#### WHAT TO PRODUCE:
Please set down exactly the lines of the listing below from the line containing "Pyjama Thomas &" through the line containing "Manitoba Hydro Rates", both lines included, leaving out all other lines.

===== RECORDS PROVIDED =====

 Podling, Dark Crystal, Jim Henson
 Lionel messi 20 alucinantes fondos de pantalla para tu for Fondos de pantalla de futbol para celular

=====
===== RECORDS PROVIDED =====

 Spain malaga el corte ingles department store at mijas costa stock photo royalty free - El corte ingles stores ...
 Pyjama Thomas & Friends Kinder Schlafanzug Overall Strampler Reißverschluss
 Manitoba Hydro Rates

=====
===== RECORDS PROVIDED =====

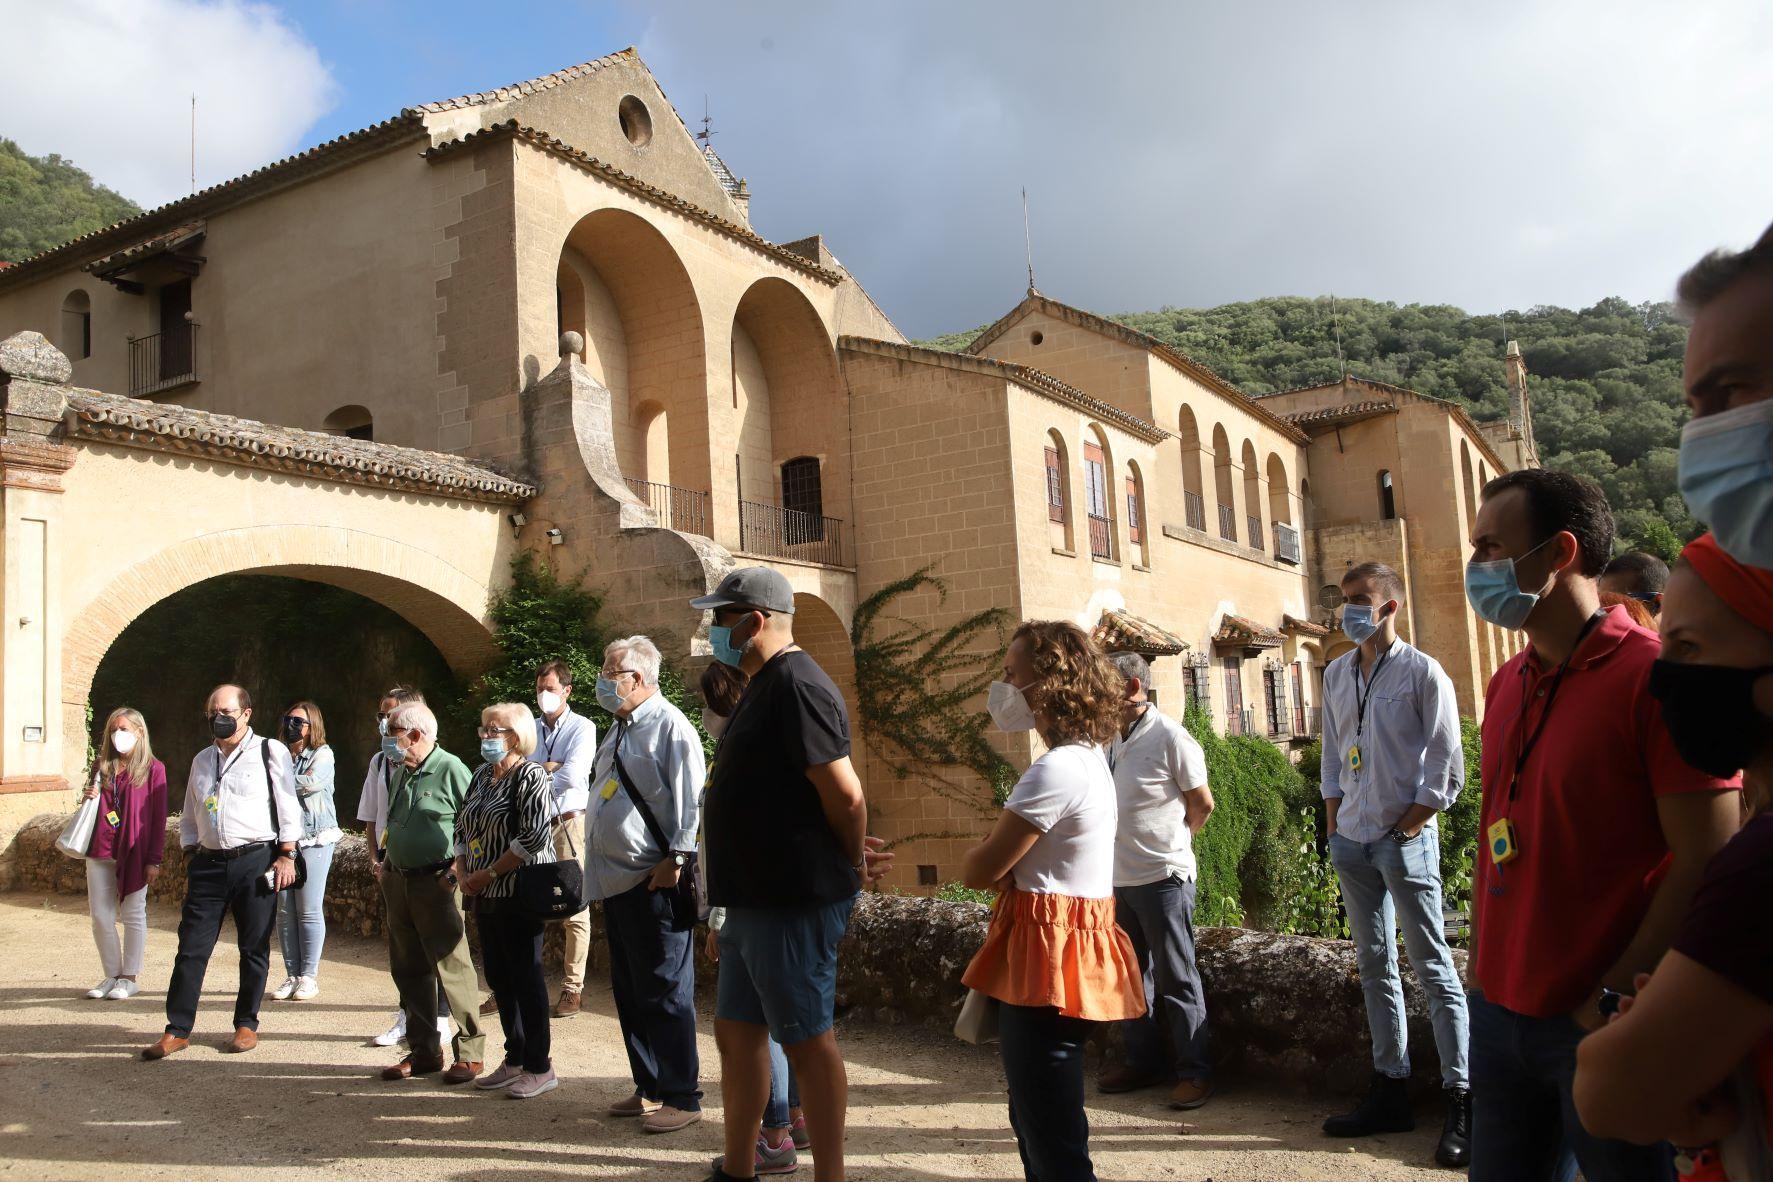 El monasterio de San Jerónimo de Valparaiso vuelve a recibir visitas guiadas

=====

#### RESULT OF THE TASK:
 Pyjama Thomas & Friends Kinder Schlafanzug Overall Strampler Reißverschluss
 Manitoba Hydro Rates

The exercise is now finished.